*** Material provided ***

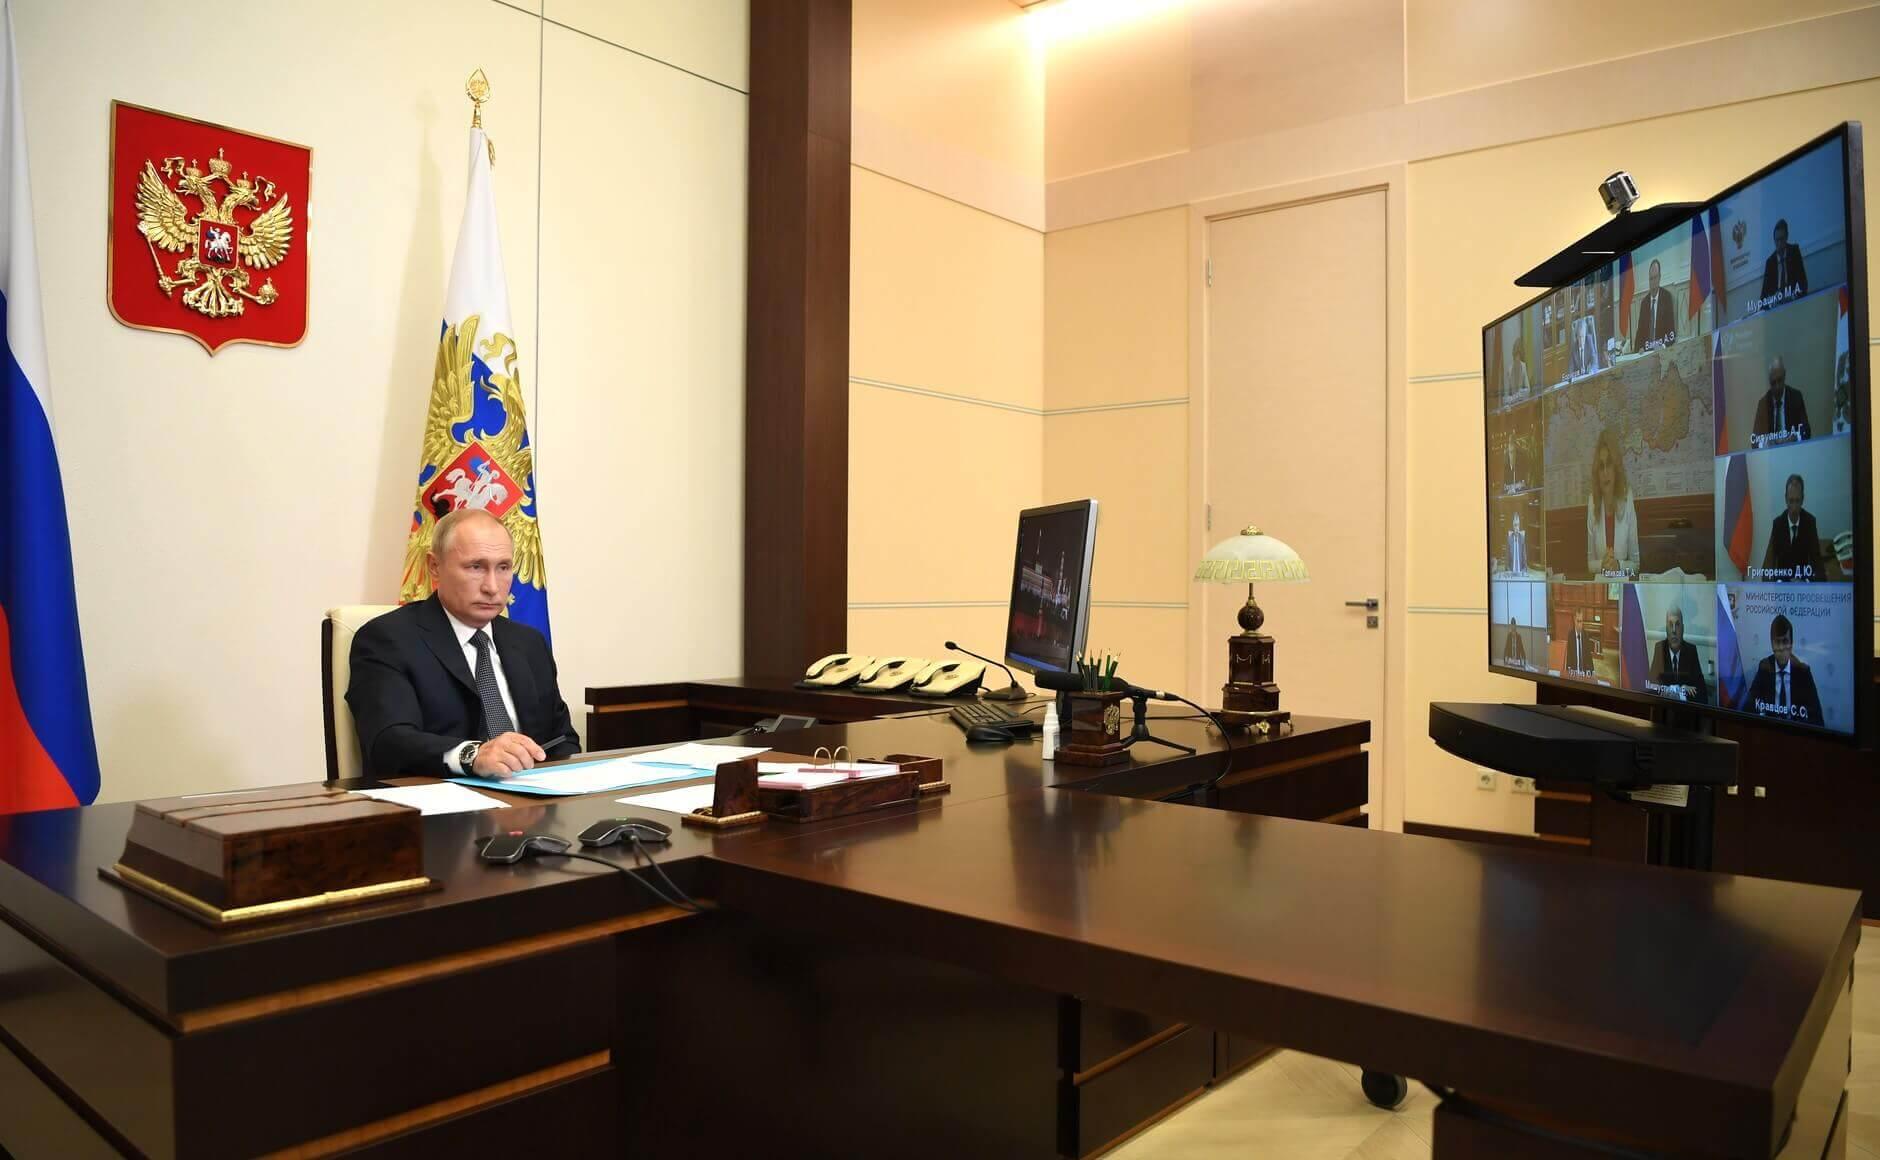 Le président russe Vladimir Poutine lors d'une réunion avec des membres du gouvernement. (Via: Photos publiques)
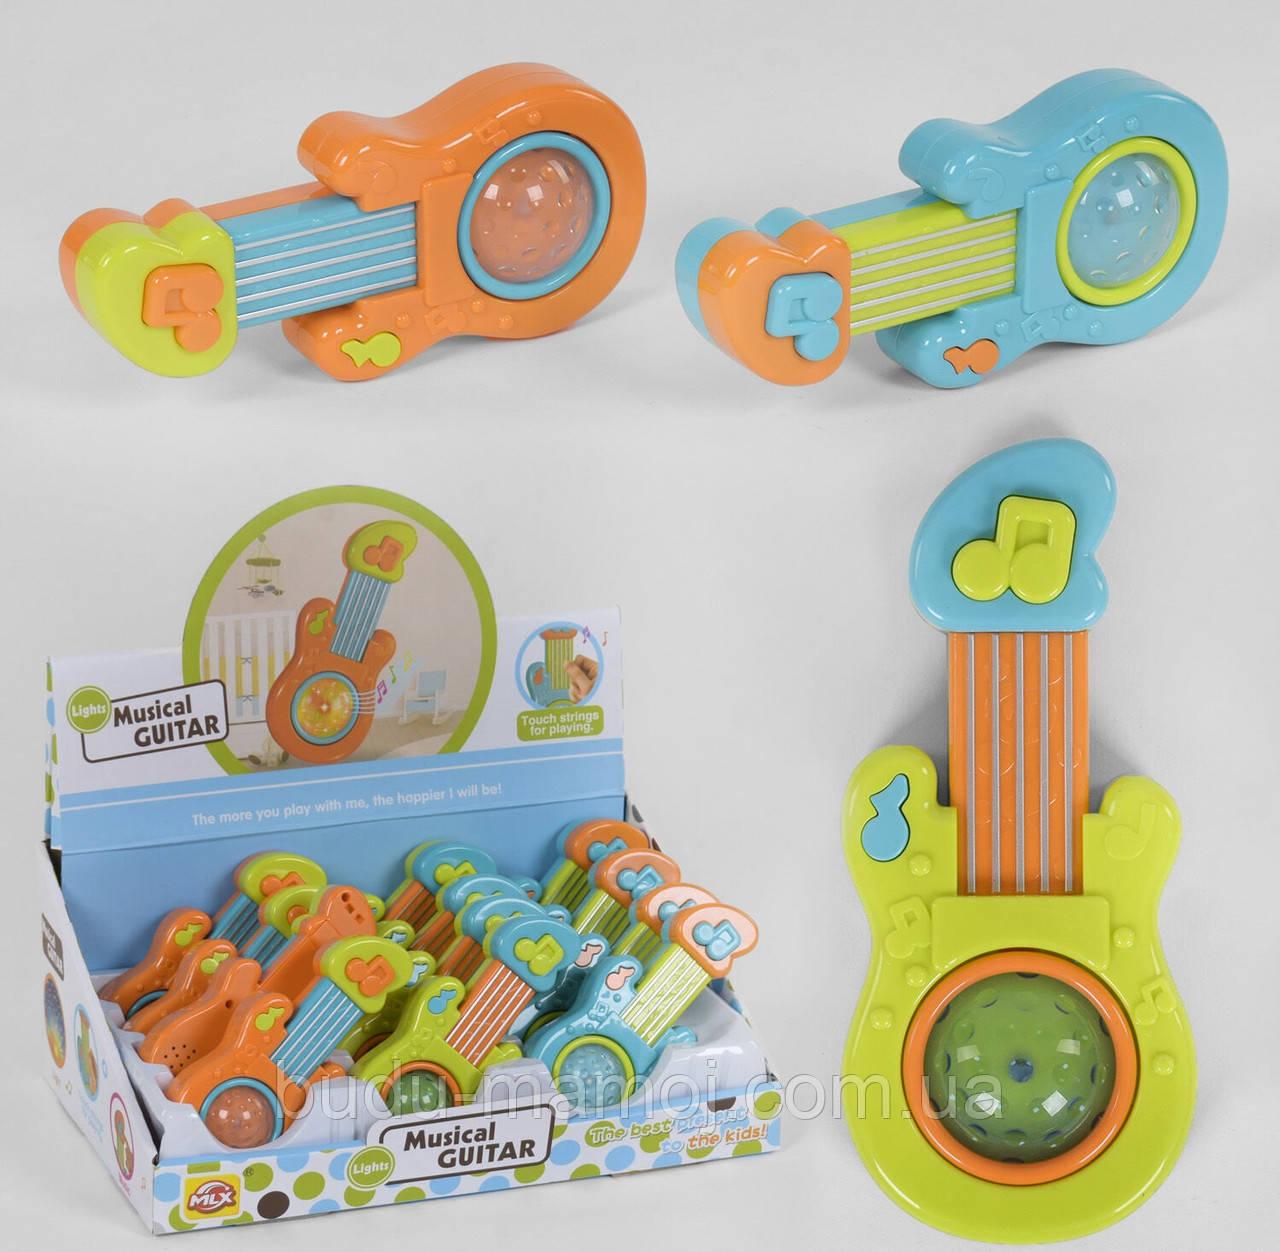 Музыкальная игрушка маленькая гитара разные функции
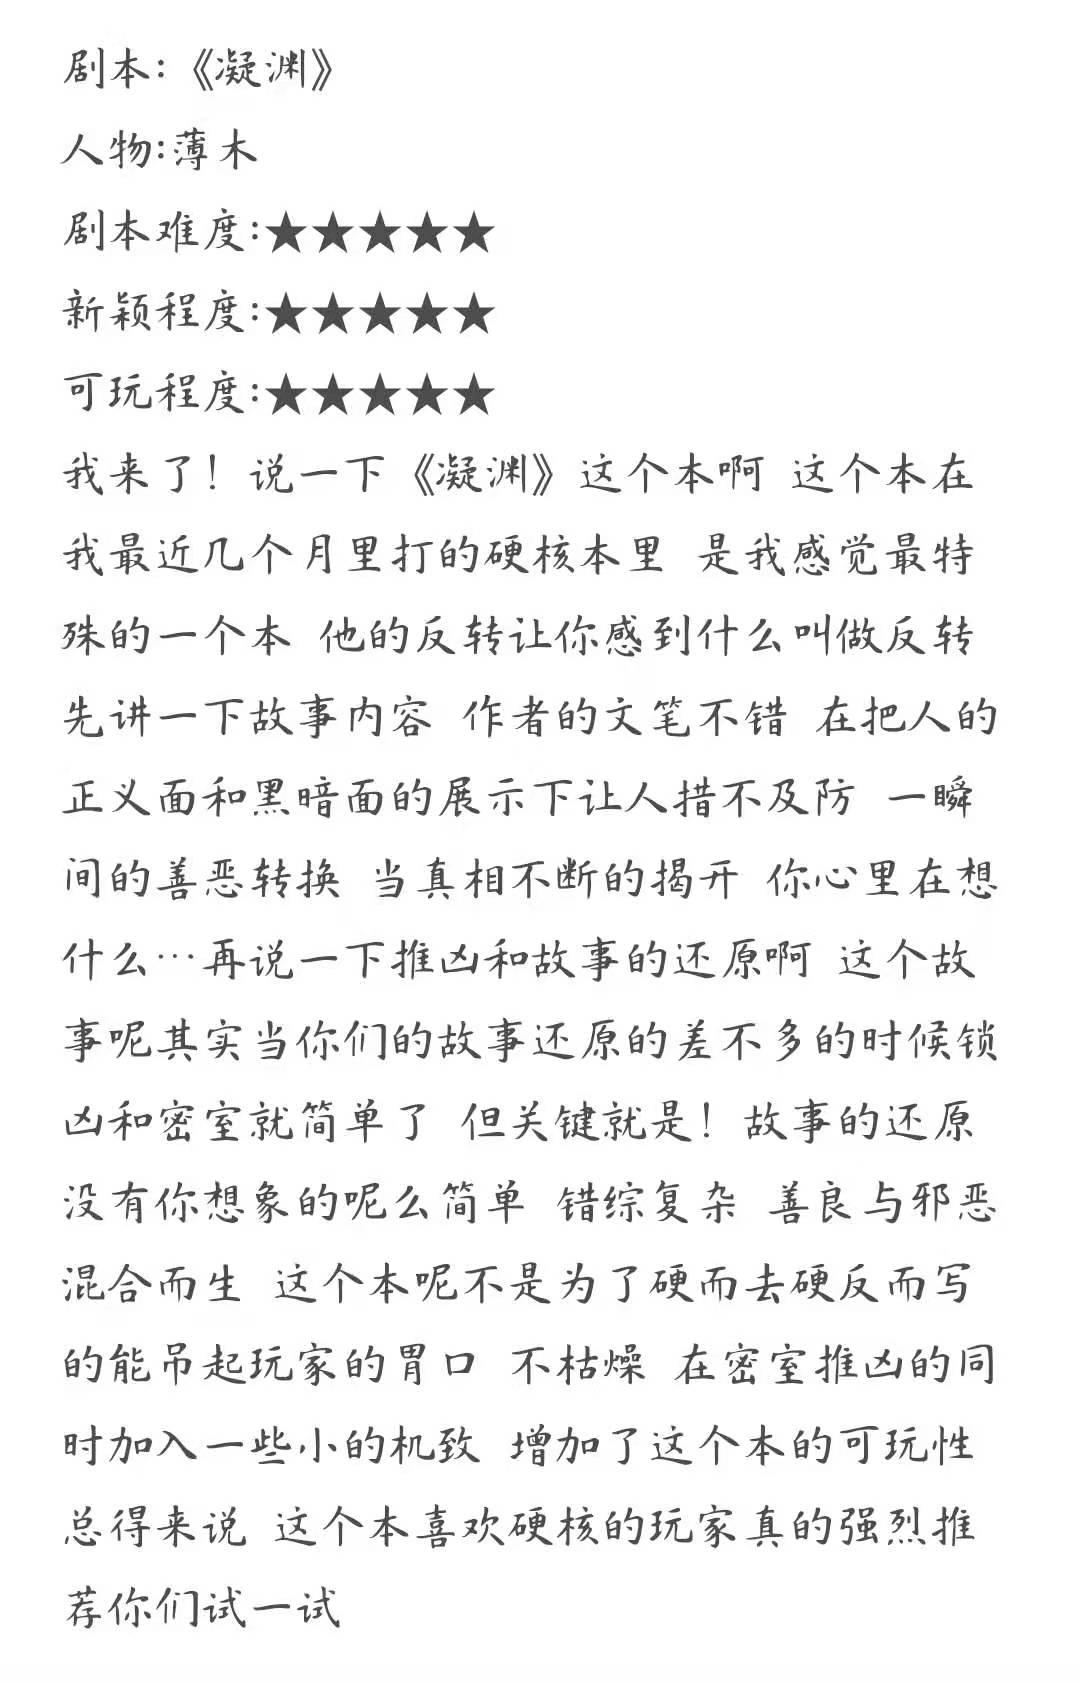 『凝渊』剧本杀复盘_答案_推凶线索_真相解析

*** End of Material provided ***

Return the whole of the material above exactly, with no picture carried over.

* _Answer space_:
 Le président russe Vladimir Poutine lors d'une réunion avec des membres du gouvernement. (Via: Photos publiques)
 Музыкальная игрушка маленькая гитара разные функции
 『凝渊』剧本杀复盘_答案_推凶线索_真相解析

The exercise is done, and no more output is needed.